The students were invited to the three-week gathering at an oceanfront retreat in Massachusetts as a result of their participation in the 2012 Dell Social Innovation Challenge earlier this year.

Sponsored by Dell, the major computer technology corporation, the competition brings together teams of students developing entrepreneurial projects focused on improving the quality of life.

Team 33 Buckets

Mark Huerta (standing at right) had the opportunity to participate in an international gathering of student entrepreneurs, thanks to his work with the team of ASU engineering students called 33 buckets. His teammates are (standing at left) Connor Wiegand, (sitting left to right) Varendra Silva, Paul Strong and Pankti Shah. Photo by Jessica Slater/ASU

Huerta is a member of 33 Buckets, a team of ASU engineering students that emerged from the Engineering Projects in Community Service (EPICS) program in the Schools of Engineering.
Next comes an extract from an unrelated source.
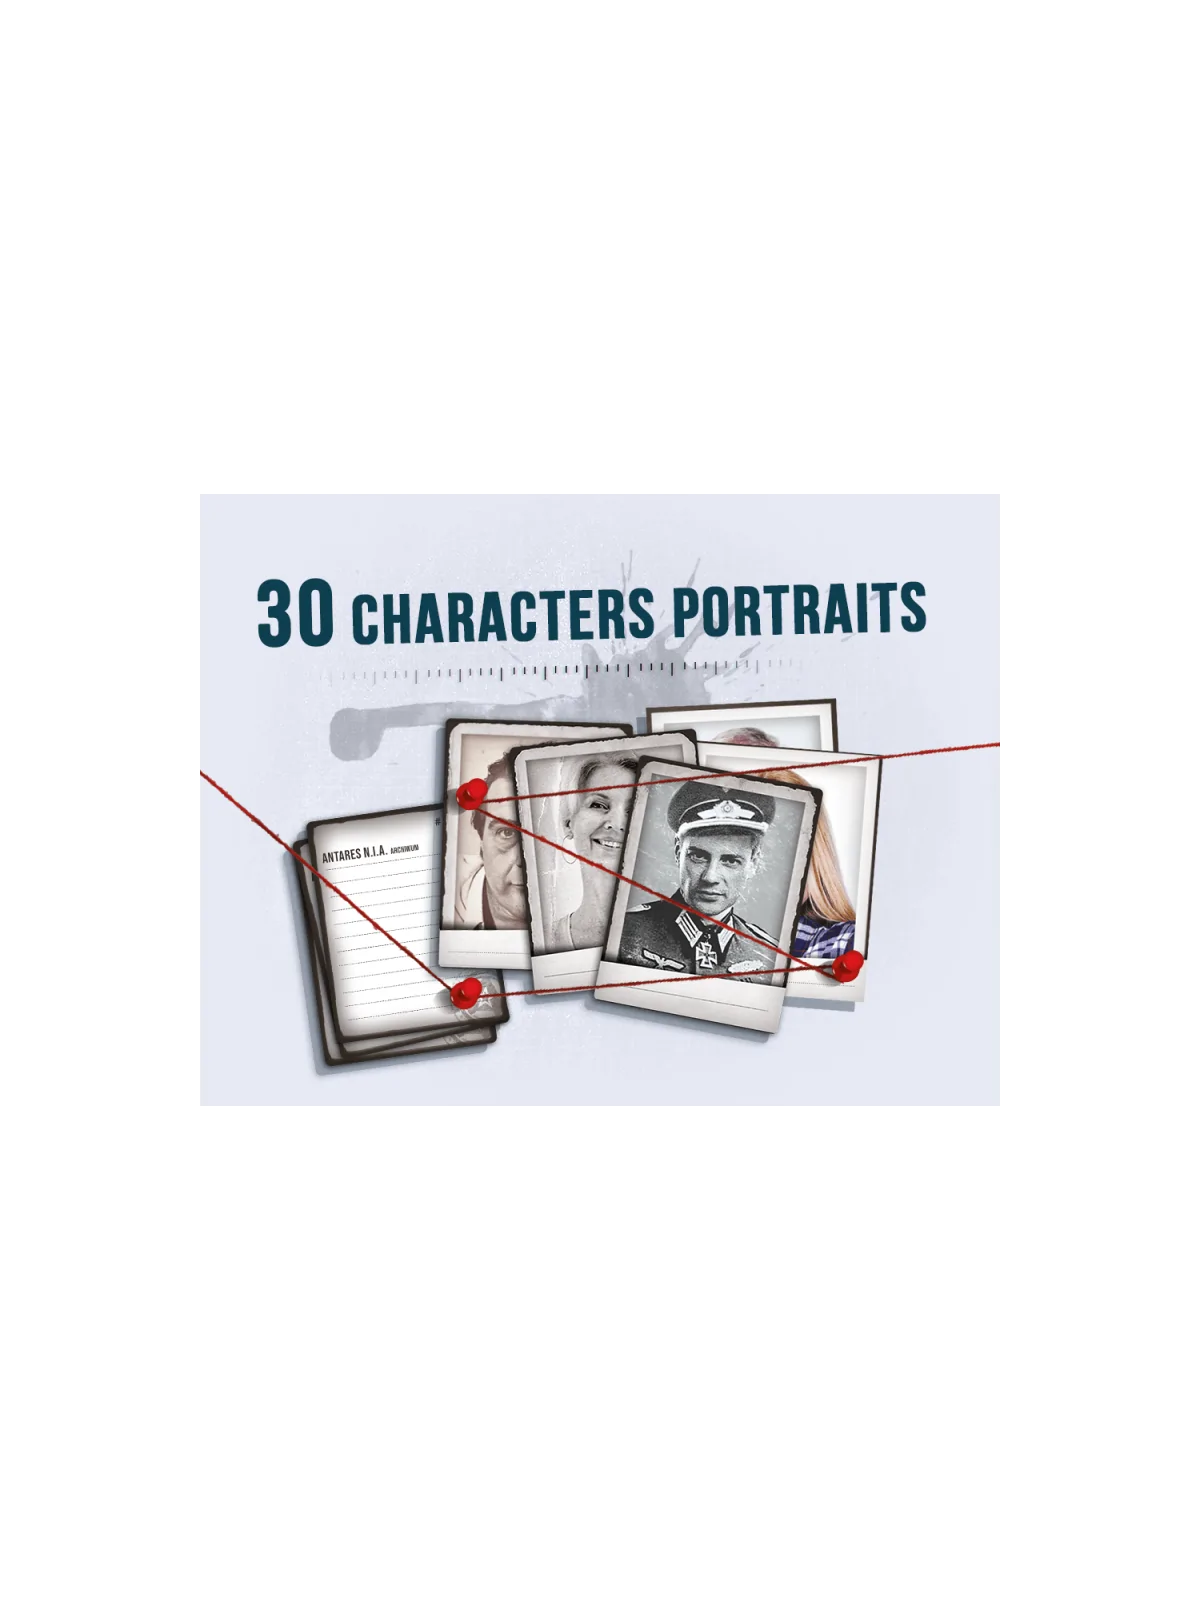 Comprar Detective: 30 Character Portraits - Mini Expansión barato al m

Team 33 Buckets finished as the top undergraduate team in the Dell Challenge for its project to develop a water-filtering system for a girls’ school in a rural area of Bangladesh.
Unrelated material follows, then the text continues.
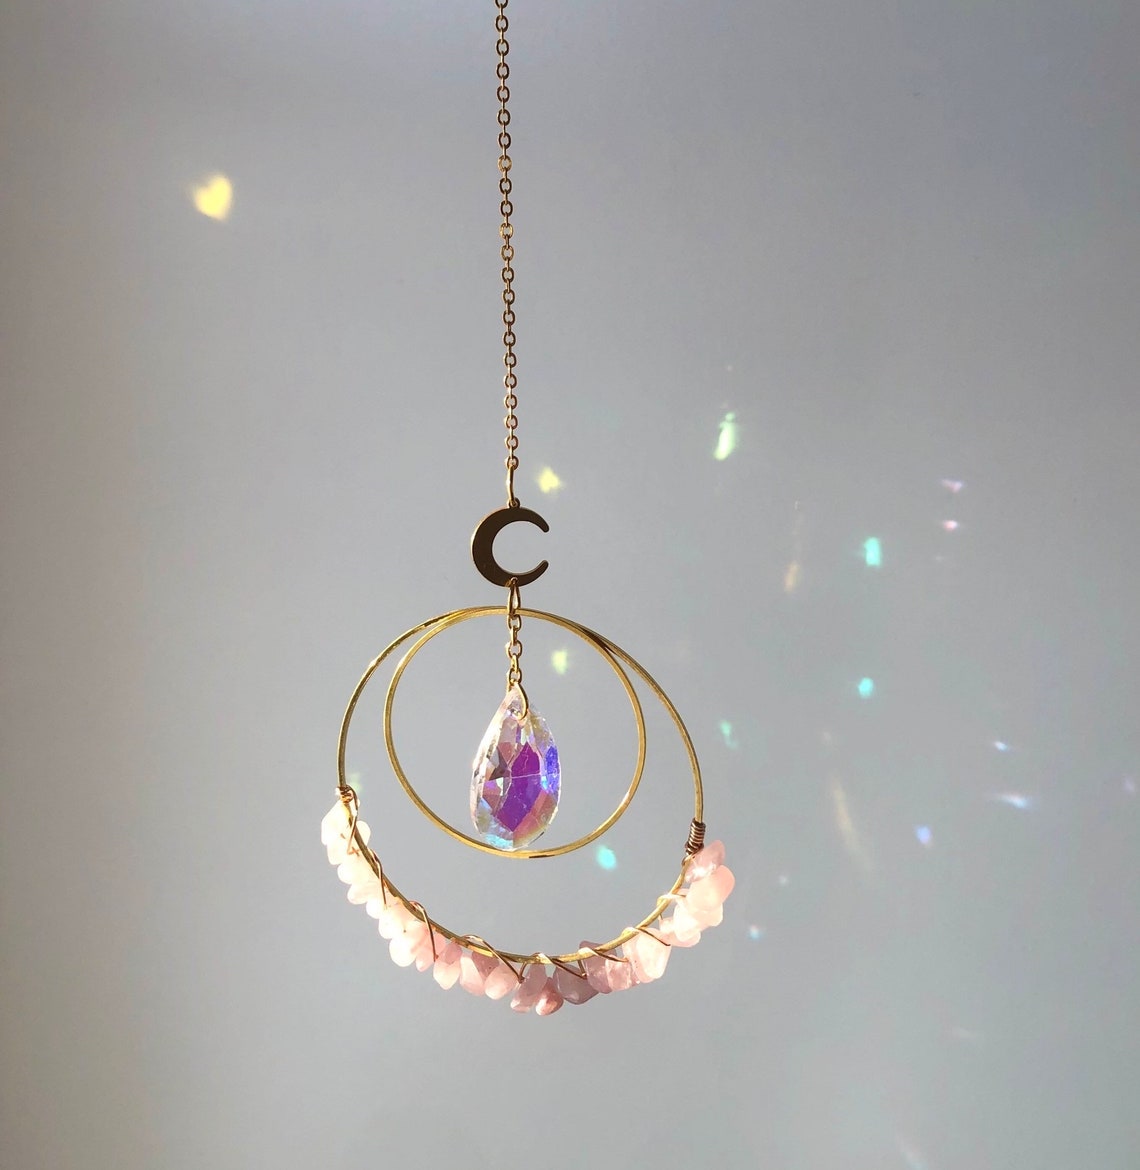 Hanging round rose quartz crystal chips suncatcher in sunlight

The system is designed to help provide safe water for the girls and provide the school a source of income from selling surplus decontaminated water in their village.

The idea earned 33 Buckets a $5,000 prize, computers and a camera – and a scholarship for Huerta to attend the Social Innovation Lab.
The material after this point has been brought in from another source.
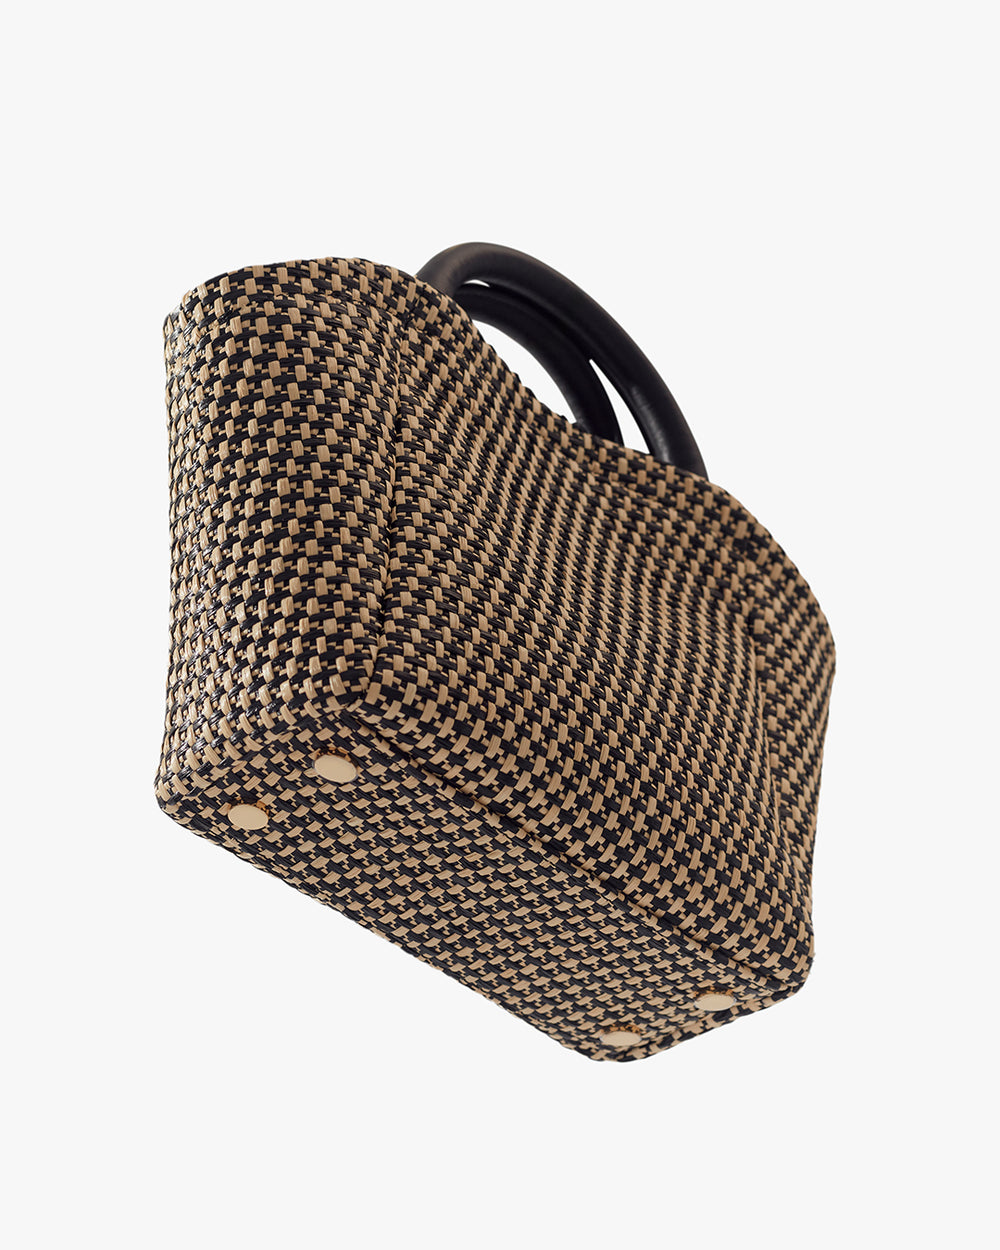 Patterned woven handbag with short handles

The lab featured presentations by guest lecturers and one-one-one sessions with more than 40 business and entrepreneurship mentors.  There were team-building exercises and workshops focusing on a variety of skill-building themes.

Scott Sherman from the University of California, Los Angeles, led a workshop on effective methods of entrepreneurship. Kate Canales, an accomplished product designer, researcher and project strategist, led a workshop on design principles and strategies.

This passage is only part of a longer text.